Im afrikanischen Wechselbad
Annäherungen an einen fragilen Kontinent

WELCHEN WEG SOLLEN WIR NEHMEN? Den nach links oder den nach rechts? Oder doch den in der Mitte? Alle Wege sehen gleich aus. Ratlos stehen wir an der Gabelung zwischen Lisala und Gemena, irgendwo im Herzen des Kongobeckens, in einem unermesslichen Waldmeer, das von namenlosen Flüssen durchädert wird.

Wir sind zu fünft in unserer Reisegesellschaft. Adam, der Besitzer des Geländewagens, wohnhaft in Tansania, sein kongolesischer Chauffeur, der behauptet, jede Ecke seines Landes zu kennen, der französische Fotograf Pascal Maître, ein Marabut, ein heiliger Mann aus dem Tschad, der kein Wort sagt und immerzu sardonisch grinst, und, neben meiner Wenigkeit, noch eine hübsche Strahlenschildkröte, die dem Fahrzeughalter gehört. Unser Ziel, Bangui, die Hauptstadt der Zentralafrikanischen Republik, ist noch weit entfernt. Seit frühmorgens um sechs sind wir unterwegs und haben bis hierher knapp 200 Kilometer geschafft. Ungefähr 17 Kilometer pro Stunde. Die Straße, wenn man sie so nennen will, besteht aus Myriaden von Schlaglöchern, Schlammrillen, Kratern und Wasserlachen, die stellenweise zur Größe von Fischweihern angeschwollen sind; sie gleicht einem grünen Tunnel, der schier endlos durch den Urwald mäandert. Wir fahren in dämmrigem Licht und sehen kein Stückchen Himmelsblau. Drei Radfahrer, ein Bierlastwagen, zwei Schlangen – das sind die einzigen Begegnungen des heutigen Tages. Es ist schwül und heiß, die Luft liegt wie eine feuchte Decke auf der Haut. Man schwitzt, der Staub verklebt die Augen, das lauwarme Wasser geht zur Neige. An jeder Kreuzung, jeder Abzweigung, jeder Wegzwille die gleiche Frage: Wohin sollen wir uns wenden? Die Landkarte gibt keine Auskunft, Wegweiser existieren nicht, der Chauffeur ist mit seinem Latein am Ende. Weit und breit findet sich kein Mensch, den wir fragen könnten. Jede Fehlentscheidung kann Tage kosten, denn die Pfade verlieren sich im Wald, enden an einem Sumpf oder stoßen auf einen unüberwindlichen Fluss. Sie führen ins Nichts oder genauer: in das, was wir für das Nichts halten.

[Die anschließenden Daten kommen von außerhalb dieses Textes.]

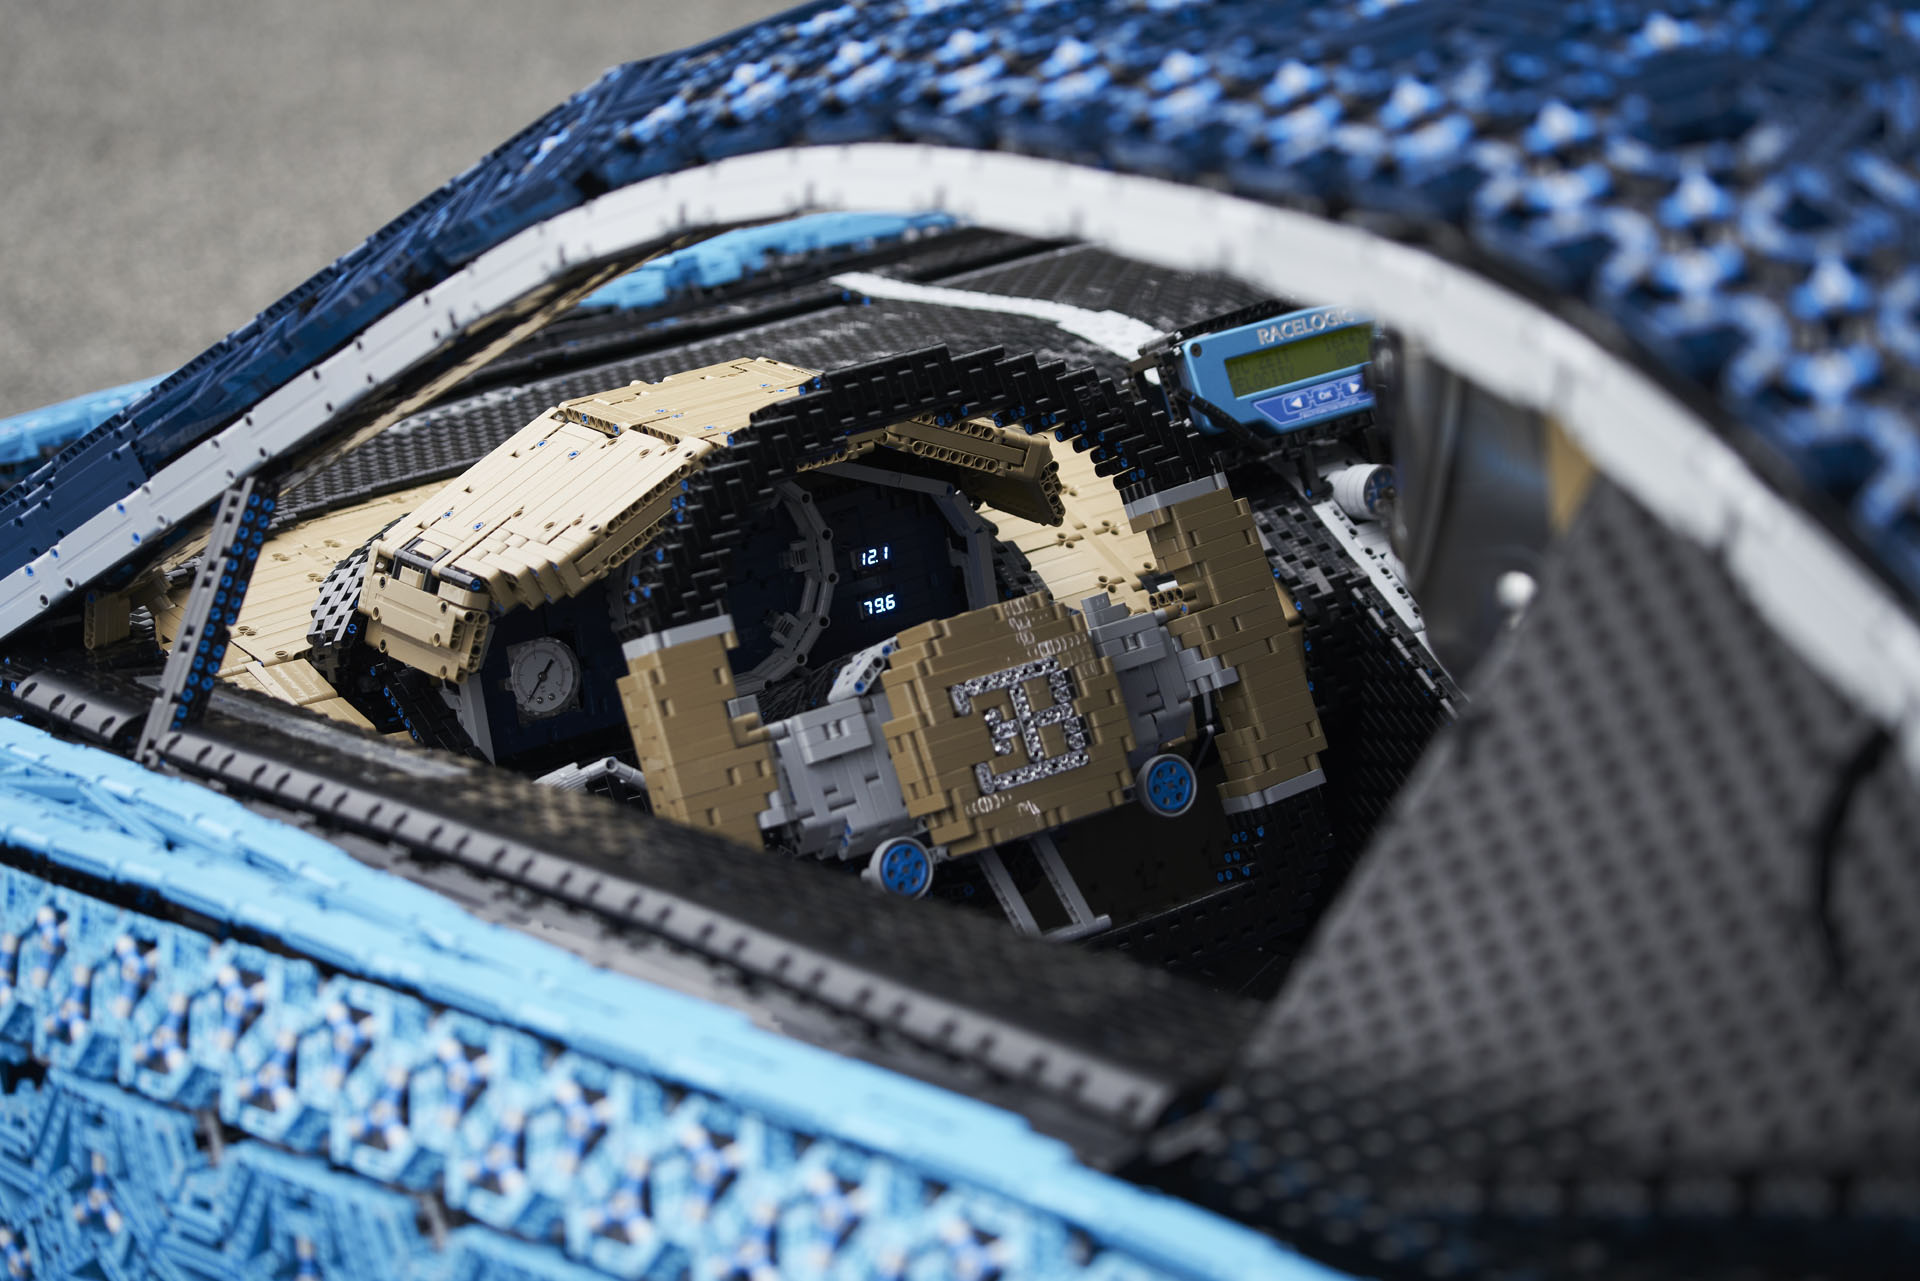 Watch 'Fastest' Lego Bugatti Chiron Shatter Into Pieces

So wie im kongolesischen Urwald erging es mir oft in Afrika. Die Wegscheide ist ein Sinnbild der Orientierungslosigkeit: Ich fühlte mich wie ein Elementarteilchen, das durch einen riesigen Kosmos treibt. Ich kam zum ersten Mal in ein großes Land, nach Nigeria, Angola oder in den Sudan, und fragte mich: Wo anfangen? Wie einen Überblick gewinnen, wo ich doch nur ein paar Splitterchen vor Augen bekommen, nur mit einem Dutzend Leute sprechen, zwei, drei Orte besuchen werde? Ich sah ein Ritual, ein Symbol, eine Geste, hörte eine Geschichte, erlebte eine Begebenheit und konnte das Wahrgenommene nicht einordnen oder begreifen. Es fehlten die historischen Kenntnisse, der religionssoziologische Hintergrund, das ethnografische Referenzsystem. Da stand ich dann und tat, was ein kluger Kopf einmal »hermeneutischen Kolonialismus« genannt hat: interpretieren, hineindeuten, spekulieren. Man kann sich lebhaft vorstellen, dass dabei oft Zerrbilder, Wunschvorstellungen oder Projektionen entstehen, und wir müssen zunächst über uns selber reden, über die Fallstricke der Wahrnehmung und über die Interessen, die unsere Erkenntnisse leiten. Aber ich will dem ersten Kapitel des Buches nicht vorgreifen.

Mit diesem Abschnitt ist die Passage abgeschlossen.